作品タイトル不明
魔法というもの ②
みんな馬に乗れるし、2時間ぐらいで実家に帰れるらしいから、本人たちも実家を離れることをあんまり気にしていないみたいだね。
モチベーションが高すぎるぐらいだし。
こっちの世界の常識に疎い私が、日本の常識を勝手に押し付けるのは違うよね。
アリアナさんとは少し話したけれど、ピーシーズの他の子たちも風バリアー事件で私を嫌うのかと思ったら、お母様やお婆様の治癒魔法で立ち直った途端に、あれ何!? と、もの凄い勢いで食い付かれて、彼女たちにも教える約束をさせられてしまった。

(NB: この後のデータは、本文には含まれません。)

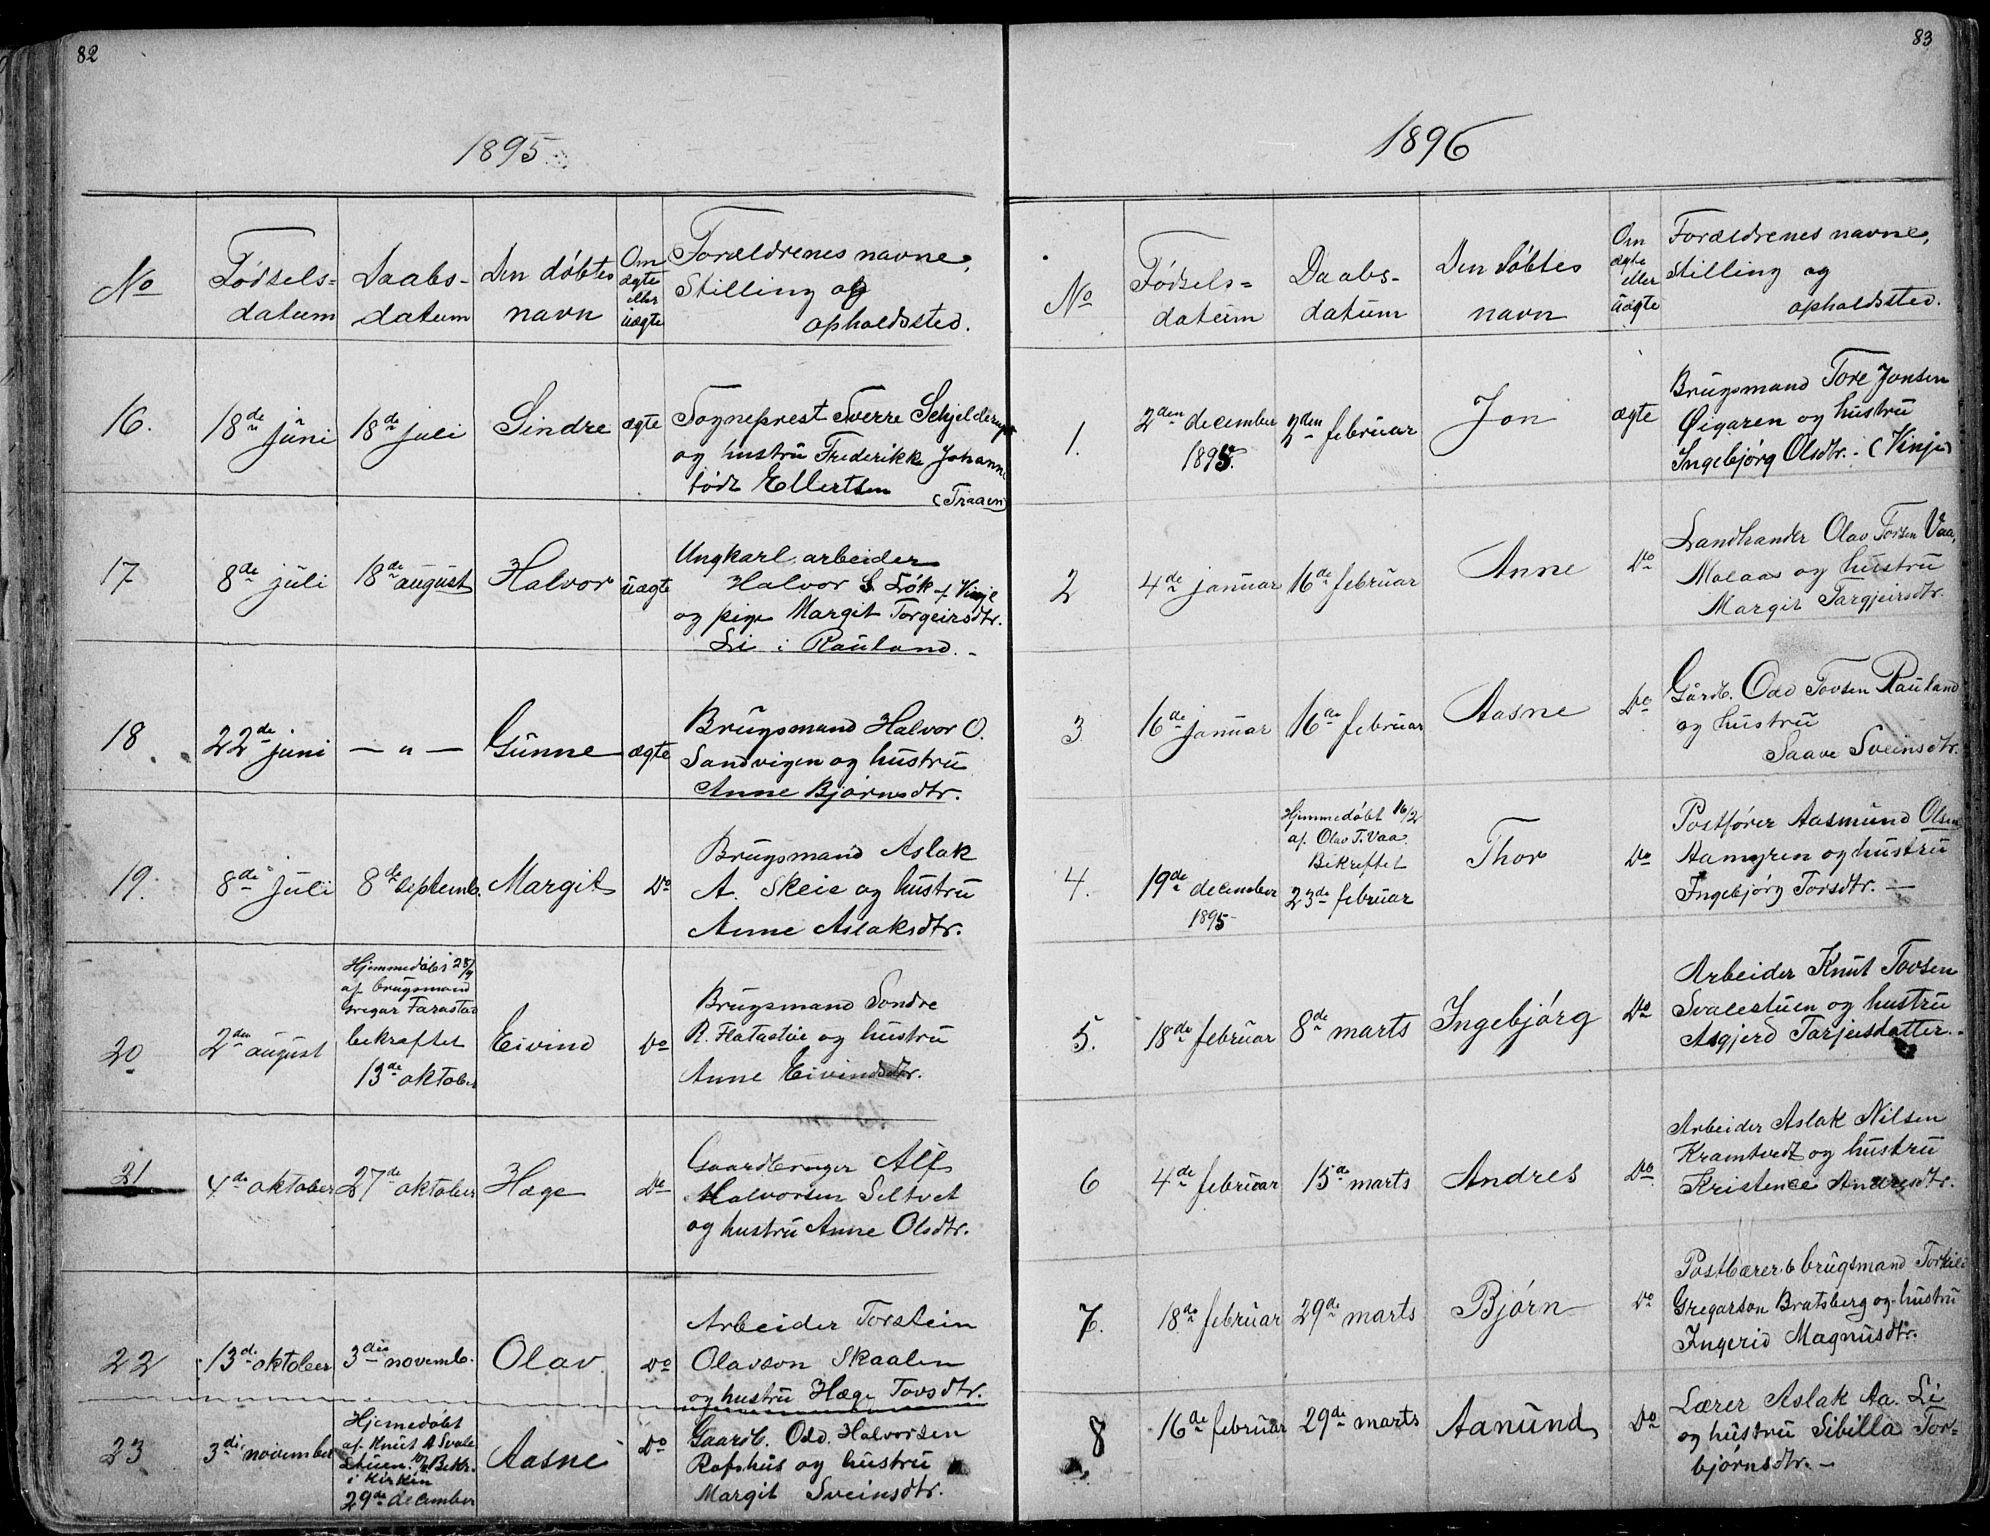 SAKO, Rauland kirkebøker, G/Ga/L0002: Klokkerbok nr. I 2, 1849-1935, s. 82-83

ピーシーズ全員がエゼリアさんたちみたいに強くなってくれるのは大歓迎だしね。
風バリアーを張った全員で、横一列に並んで突撃すれば、敵を面制圧できるかも。
どうやら、彼女たちにとって重要なのはピーシス家を率いることができる強さで、お母様たちが私を後継と決めた以上、お母様との血の繋がりが無かろうと、ポッと出の私が出自不明だろうが何だろうが、割とどうでも良いことだったみたい。
彼女たちのお母様たちに対する絶対的な信頼と、強さへの信奉が感じ取れるね。
お母様たちが止める気配も無く見守っていたのは、それを知っていたからっぽい。
いきなり初っ端から正面突破で実力行使に踏み切るとまでは思っていなかったみたいだけど、立ち向かう選択をした私の判断は正しかったんだね。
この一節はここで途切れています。